I could find this picture on the apps notes.

http://www.ti.com/lit/an/slla270/slla270.pdf?&ts=1589874500256

1. I know that CAN bus has 2 differential wire (CANH and CANL), can you explain why there is a wire on the actual CAN Bus signal on the picture?

2. 

a) A area

Node A sent data at first, Node B and C fill the ACK bit  because they get the message from NODE A without any error.

Can I understand like NODE B and C send ACK message to NODE A that they got message without error?

The ACK bit of sending NODE(NODE A now)  is always 1?

b) B area

NODE B and C sent message at the same time, 

how much time delay of NODE B from ACK bit to starting of sending data(ts)?

Can I adjust the time or it's fixed?

Thank you

  • 0
    TI__Guru 62920 points

    Hi Garam,

    Channel 1 shows the differential voltage on the CAN bus (i.e., VCANH - VCANL).

    You are right about the ACK delimiter.  This is a recessive-dominant-recessive pattern sent by each node that successfully received the frame.  The sending now (e.g., Node A in "A Area" above) remains recessive during this period.

    The minimum time from the dominant ACK bit of a data frame and the start of the next data frame is 11 bits.  This is made up of the last recessive bit of the ACK delimiter pattern, a 7-bit "end of frame" delimiter, and a minimum 3-bit intermission period.  You can read a more detailed description of this here:

    http://www.copperhilltechnologies.com/can-bus-guide-message-frame-format/

    Note that this is the minimum required spacing per the ISO 11898 protocol; it would be OK to allow for longer idle periods between transmissions.

    Regards,
    Max

  • 0 in reply to Miguel Robertson
    TI__Intellectual 1990 points

    a) A area

    Node A sent data at first, Node B and C fill the ACK bit in the ACK delimiter. If then what is the shown in the ACK slot on NODE A, B and C?

    b) B area

    NODE C win on the arbitration, so NODE C is sending on the B area, is this correct?

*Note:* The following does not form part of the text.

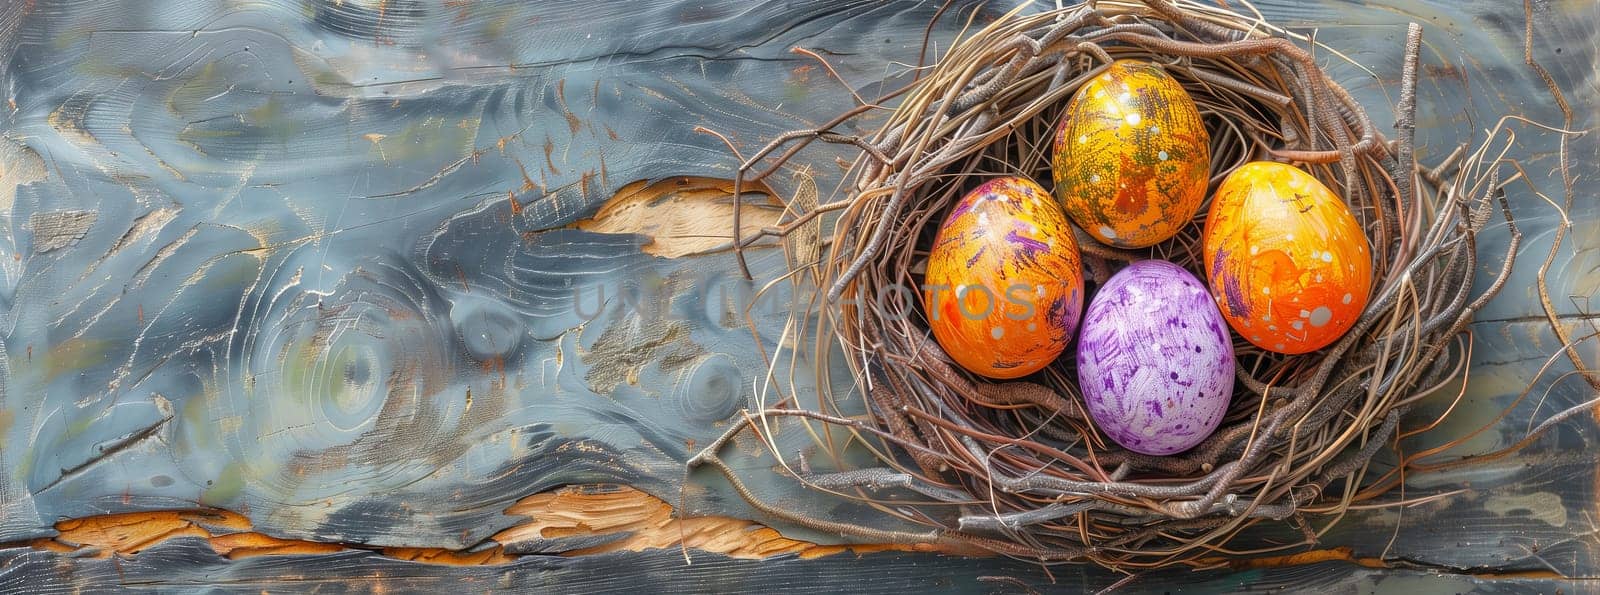 Three Easter eggs hidden in bird nest on wooden table by richwolf

    if the speed is 1Mbps, there are 10 bits(7+3) more after ACK delimiter, and the ts is 10/1M, is this correct?

    Thank you

  • 0 in reply to GARAM AN
    TI__Guru 62920 points

    You are right about the "ts" time after the frame completes.

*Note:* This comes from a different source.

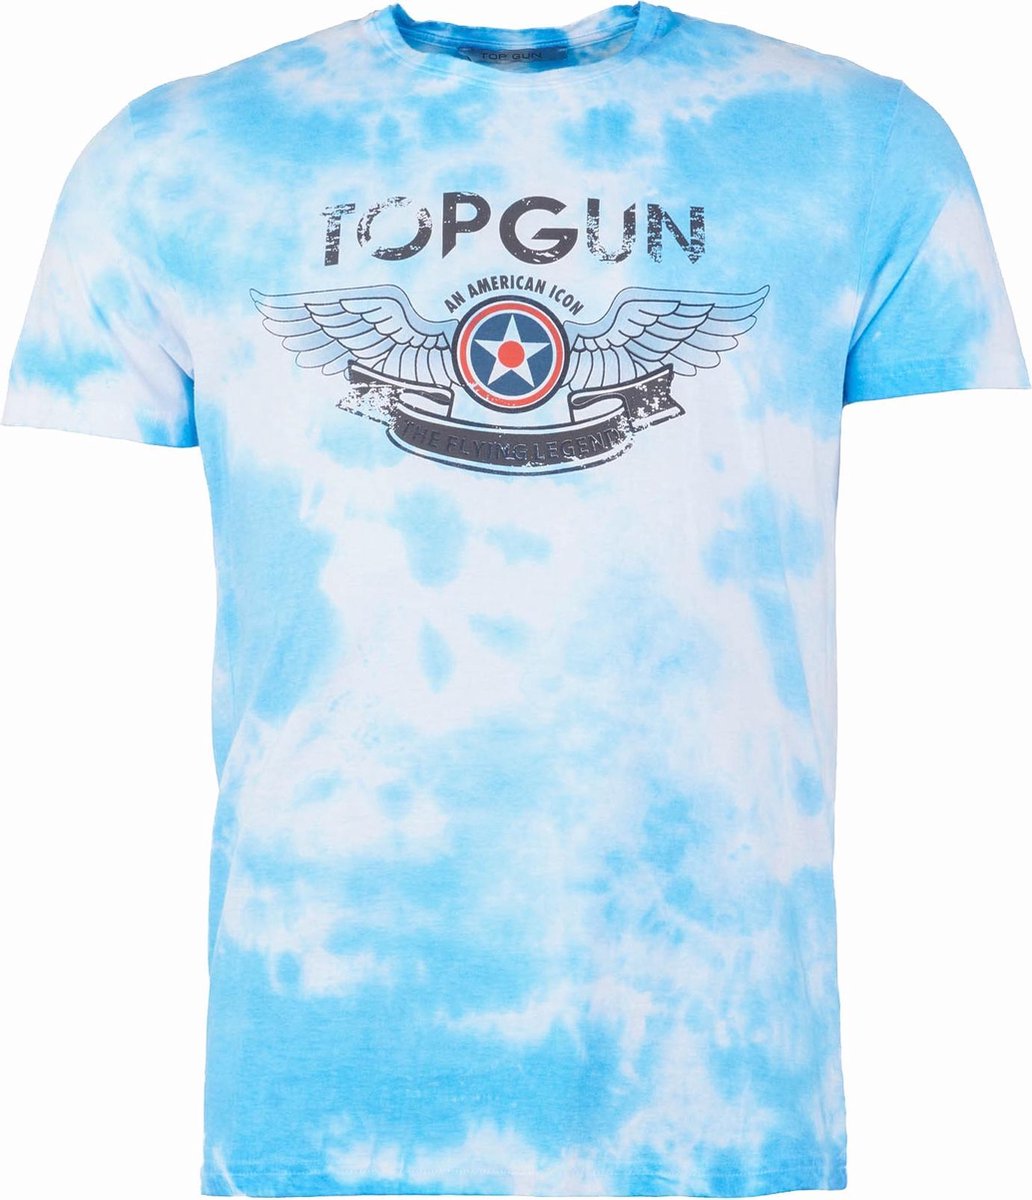 Top Gun ® T-Shirt American Icon camouflage (3XL)

    In the A area, yes Nodes B and C send a dominant bit during the ACK delimiter while Node A is recessive throughout this period.  Since any dominant node results in a dominant bus state, the CAN bus shows a dominant bit during this period.  This is apparent in the top waveform.  Please let me know if that doesn't answer your question.

    You are right about the B area.  First Node C wins arbitration, so it completes its data frame while Node B goes recessive.  Once Node C's frame completes,it has no more data to send.  At this time Node B retries its communication.  Since the higher-priority Node C is not sending a frame at this time, Node B wins arbitration.  So, Node B is then able to send the data portion of its frame.

    Regards,
    Max